Pour la première fois depuis deux décennies, un vainqueur du Tour de France, le Britannique Bradley Wiggins, se risque sur les pavés de Paris-Roubaix sans s'embarrasser de la prudence habituelle des coureurs de grands tours.
Le précédent vainqueur du Tour de France à disputer le Paris-Roubaix avait pour nom Greg LeMond, trois fois couronné dans la Grande Boucle (1986, 1989 et 1990). C'était en 1994. L'Américain avait un faible pour la "reine des classiques" qu'il avait terminée en bon rang dans la première partie de sa carrière (4e en 1985), avant d'être présent dans ses dernières années aux côtés de Gilbert Duclos-Lassalle, double vainqueur en 1992 et 1993.
Vainqueur du Tour de France en 2012, l'Anglais Bradley Wiggins, lui aussi, connaît l'importance de la course. Pour l'avoir disputée à six reprises, la dernière fois en 2011, il sait le degré de fascination qu'elle suscite. "Je ne serais pas autrement surpris qu'il fasse une très belle performance", apprécie Christian Prudhomme, à la fois directeur du Tour de France et de Paris-Roubaix. "Si le mot outsider a un sens, c'est pour lui", ajoute-t-il. "Au Tour des Flandres, il n'était pas si loin que ça (32e à 1 min 43 sec). Quand il se fixe des objectifs, en général il les atteint, on l'a vu aux JO et au Tour". Le directeur du Tour se dit "très sensible" à l'intérêt de Wiggins pour Paris-Roubaix, mise à l'écart par les coureurs de grands tours depuis la fin des années 1980. Simple effet de mode ? Résultat de la spécialisation ? Crainte démesurée de l'accident ?

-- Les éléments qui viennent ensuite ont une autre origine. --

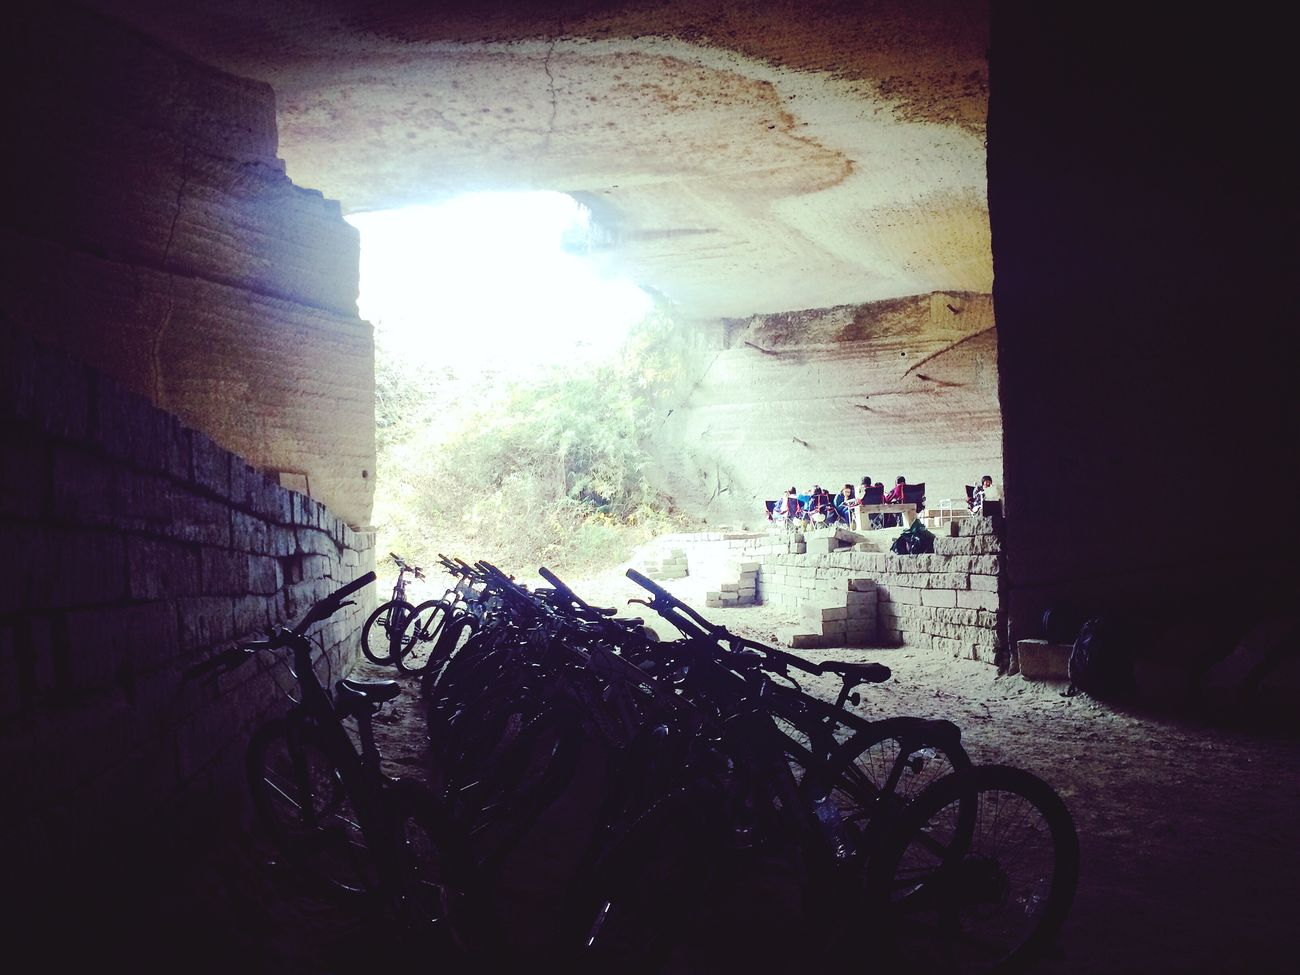 Underground 宇都宮 Utsunomiya 大谷石 大谷採石場 地底 Japan Ohyaunderground Cycle Lunchtime チイキカチ

La course, incontestablement, possède une légende noire, injustifiée par la réalité de ces dernières éditions. "Il y a eu plusieurs accidents spectaculaires, notamment dans la trouée d'Arenberg, à la charnière des années 1990 et 2000", reconnaît Christian Prudhomme. "C'est, bien sûr, une sente pavée et un sacré terrain à affronter. Mais les organisateurs n'ont aucune envie d'envoyer les coureurs au casse-pipes", assure-t-il. Quant à l'ultra-spécialisation, le directeur du Tour pense qu'"elle n'est pas irrémédiable". "On a connu le même phénomène dans le ski puis on est revenu à des champions capables de briller dans toutes les disciplines. Pourquoi pas dans le vélo ?", s'interroge-t-il.

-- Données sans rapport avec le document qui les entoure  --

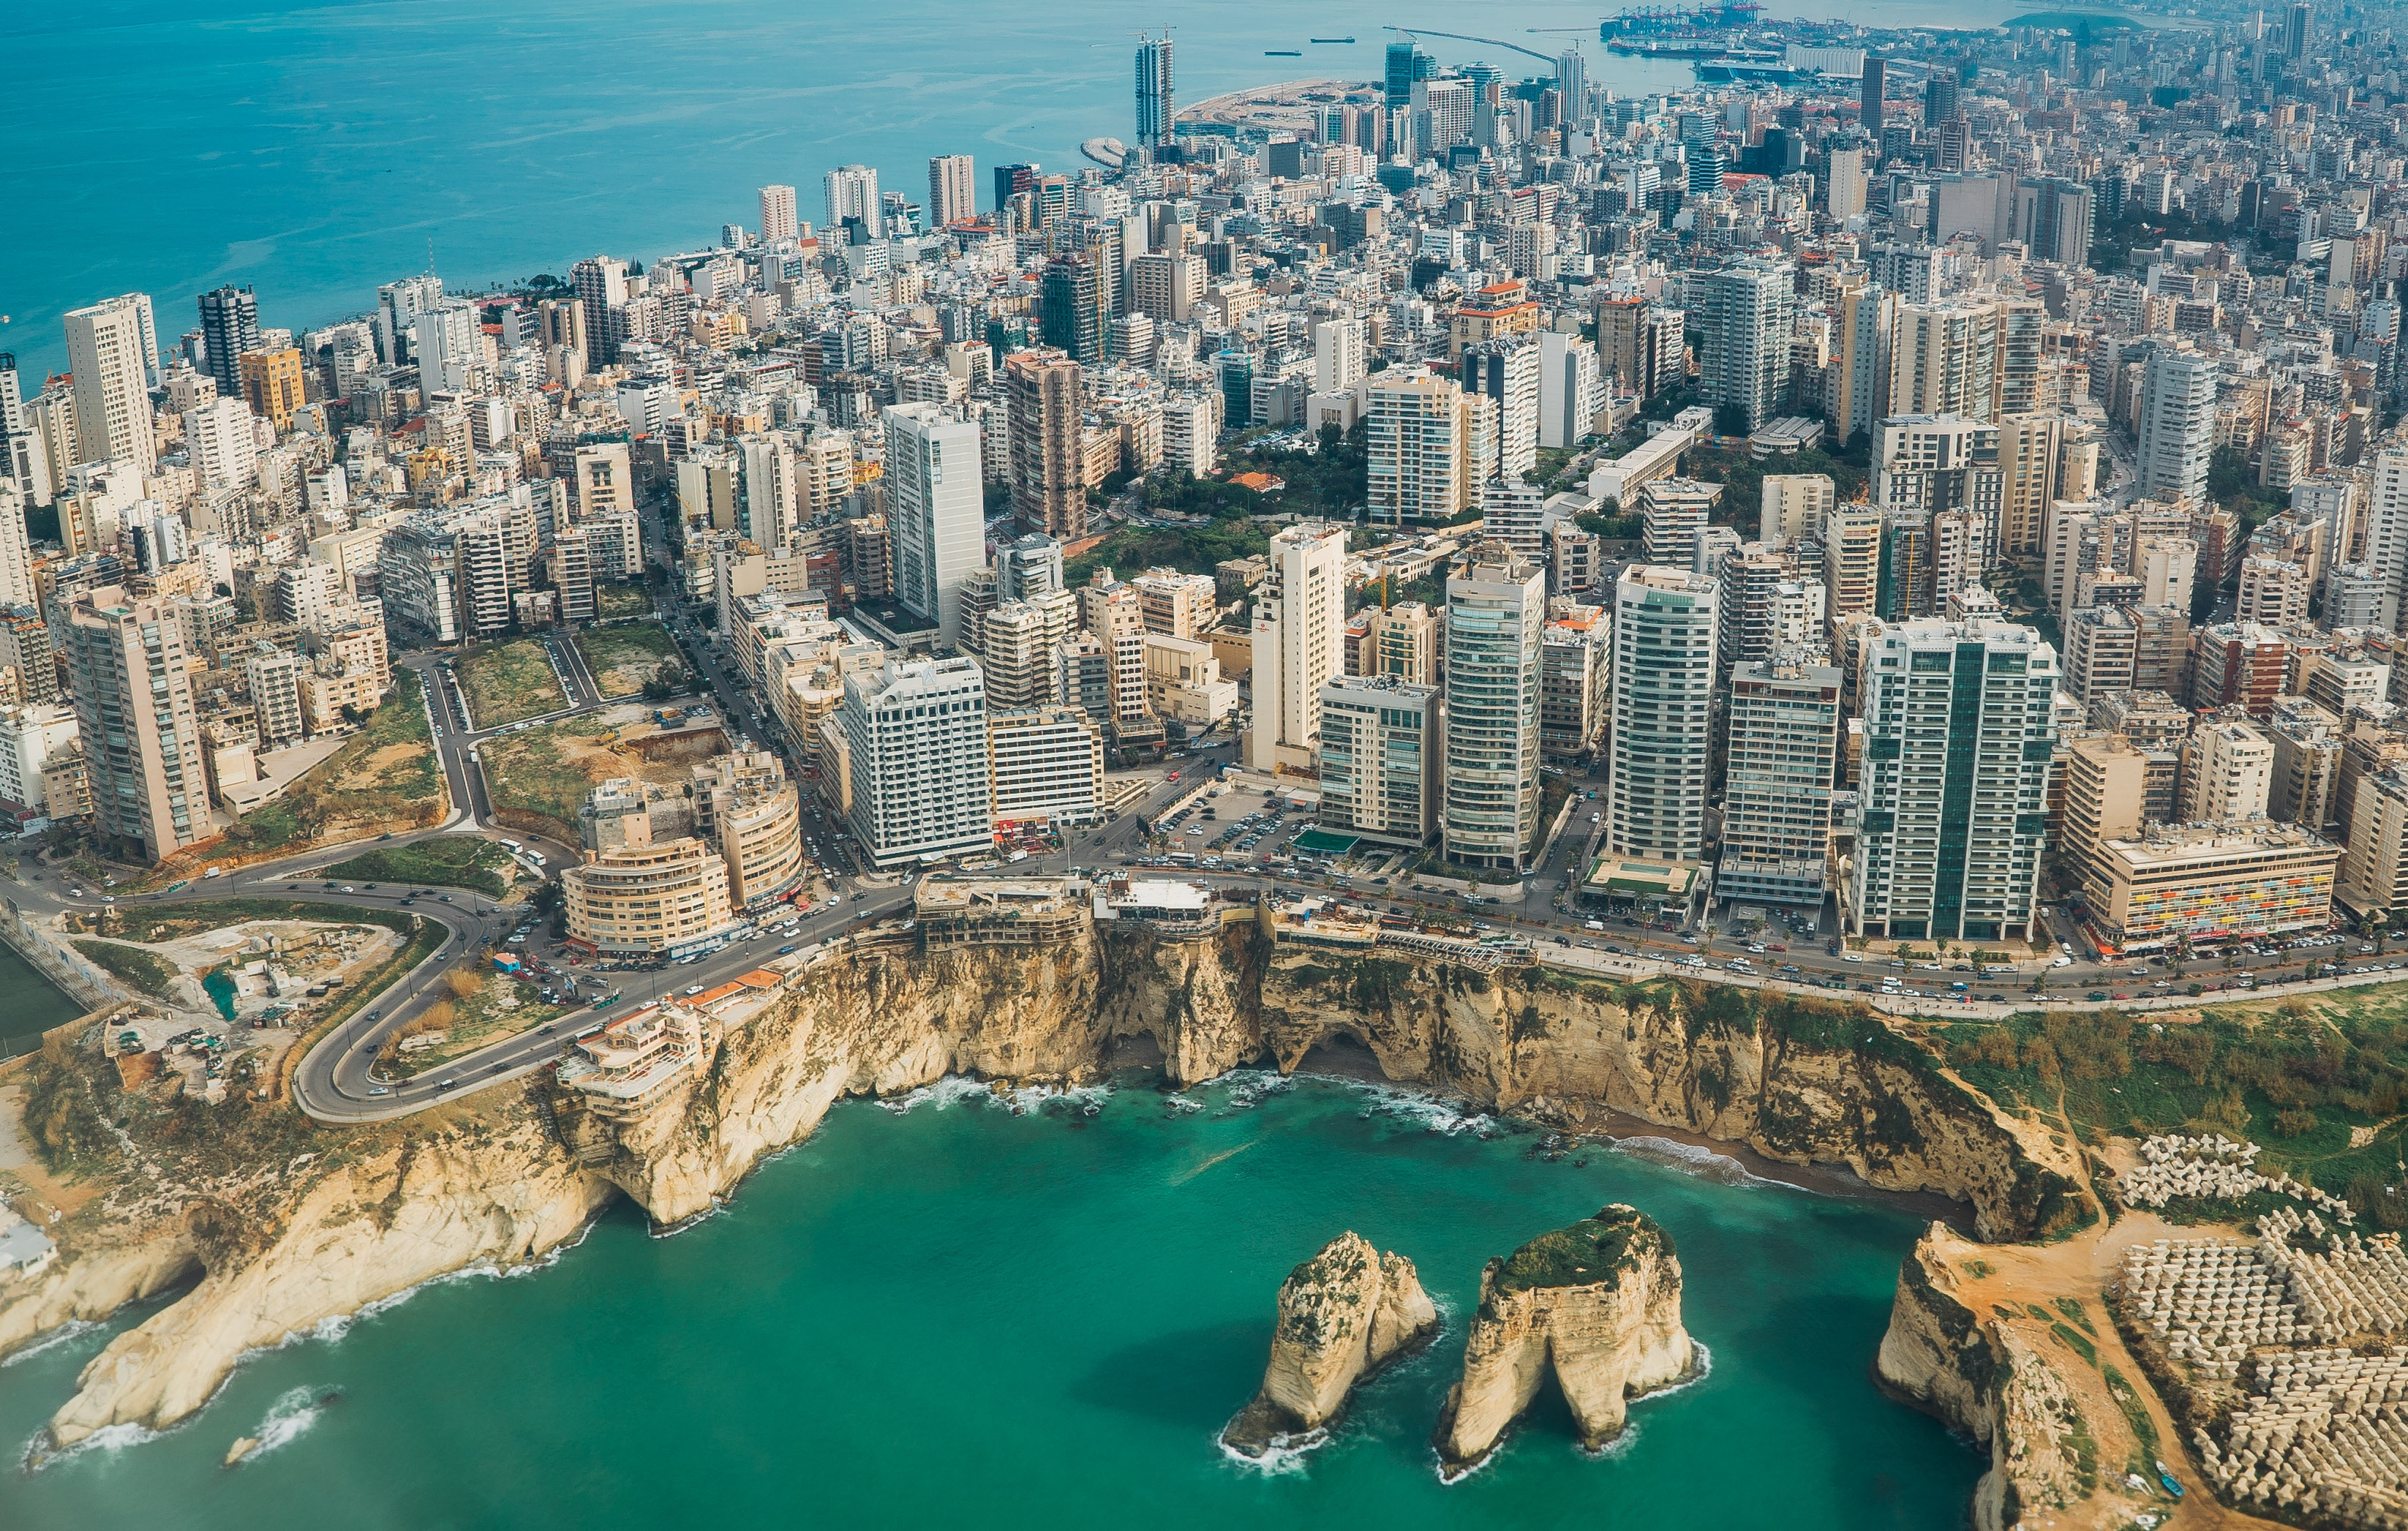 Arap Kulturu Hakkinda Bilinmesi Gereken 10 Gercek

La réintroduction de secteurs pavés dans le parcours du Tour en 2010 a même relancé le sujet. "J'avais aimé ce jour-là voir ensemble dans l'échappée les spécialistes de pavés et les coureurs de grands tours, comme à l'époque d'Eddy Merckx et de Bernard Hinault", avoue Prudhomme. "Evidemment, on a très envie de retrouver ça dans le Tour, quand il y a des pavés, et chaque année dans Paris-Roubaix". Pour autant, les organisateurs se refusent catégoriquement à dénaturer la "reine des classiques". Pas question de supprimer les secteurs les plus durs pour attirer (éventuellement) les réfractaires. A cette hypothèse, le directeur de Paris-Roubaix répond d'un seul mot: "Non."